I couldn’t say whether, as an adult, Arbus ever dedicated himself to these video games with their hyperrealistic graphics, which bring together the greatest imaginable verisimilitude with the sheer height of absurdity. If for no other reason than that I imagine he would like such an abstract and powerful blend, yet served up cold, by a computer. I’ve always thought that Arbus’s life was restricted to his mind, and was therefore expansive beyond all limits. In the secret circuits of the brain—that was where things materialized. All things. If the phrase had already been coined back then, the world my friend inhabited might very easily have been called a virtual world. Within the sheltering shell of his intelligence, a great many more things happened than in his everyday routine as a young prodigy, that is, a day in which there was time only for school, piano lessons, and the postural gymnastics that he had to do every day, with the assistance of machinery that resembled instruments of torture, with straps and steel springs, to keep his spinal cord in alignment in spite of his growth spurt. Yet another phenomenon of development and its collateral effects.

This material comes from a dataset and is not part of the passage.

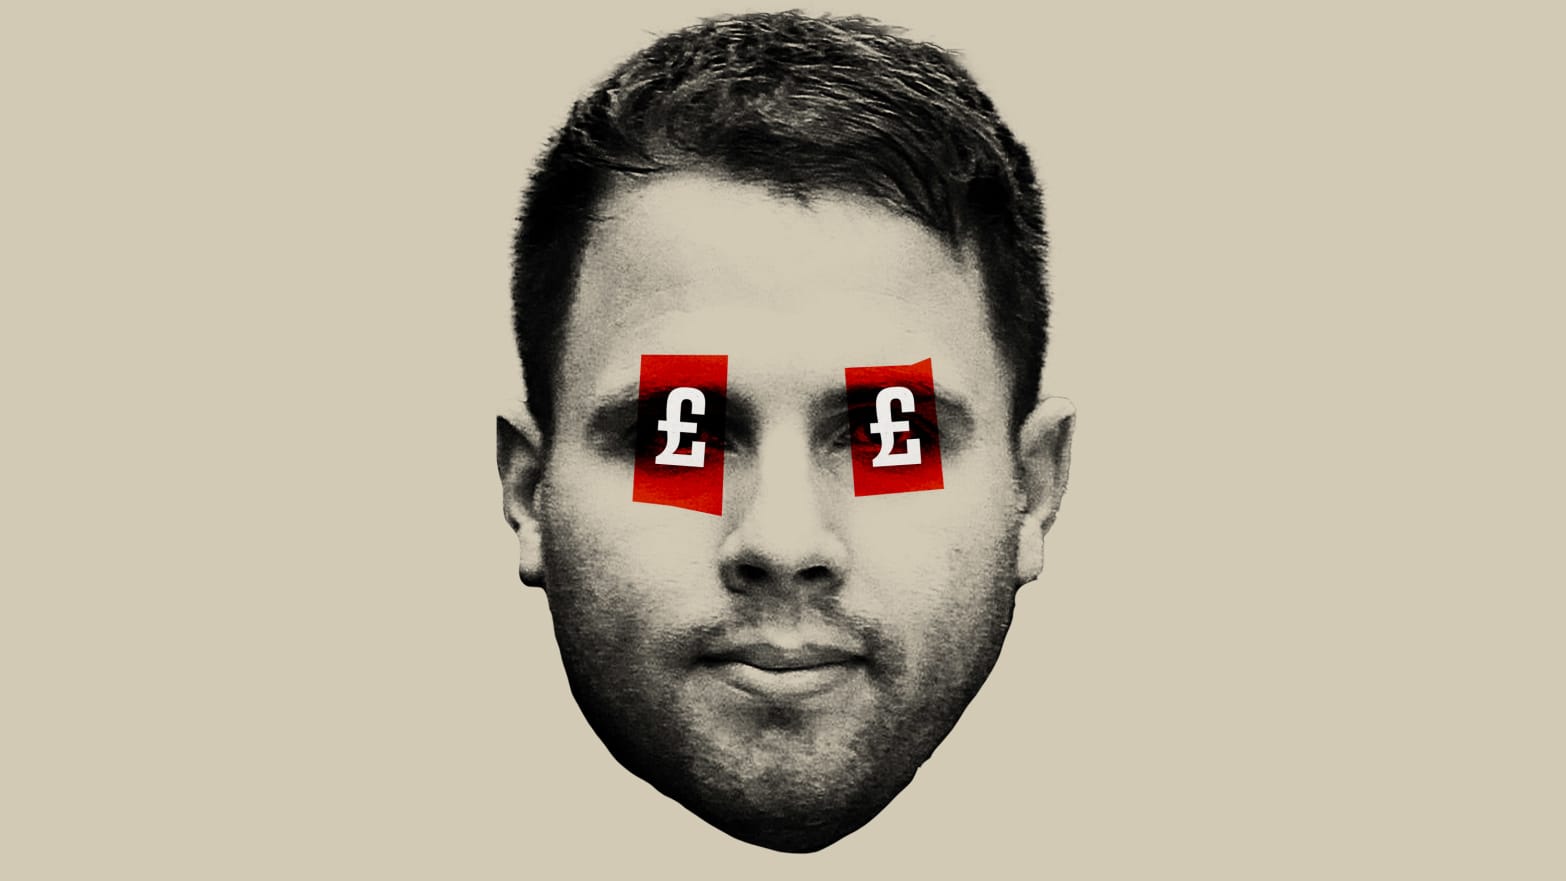 An illustration showing tabloid journo Dan Wootton, who is facing sordid ‘double life’ claims.

Something ungovernable and deep down, unedifying, if at the very most it took the form of a mark on the wall a few inches higher than the one carved last year. How satisfying. But in Arbus’s mind there was sufficient space to contain all and every argument and adventure, and nothing was excluded from the outset because it might be too challenging or strange or dangerous or vicious. Arbus’s mind was boundless, it stopped at nothing, it recognized no limits, and it overcame them practically without realizing it. It might take any hypothesis under consideration, even the most horrifying ones.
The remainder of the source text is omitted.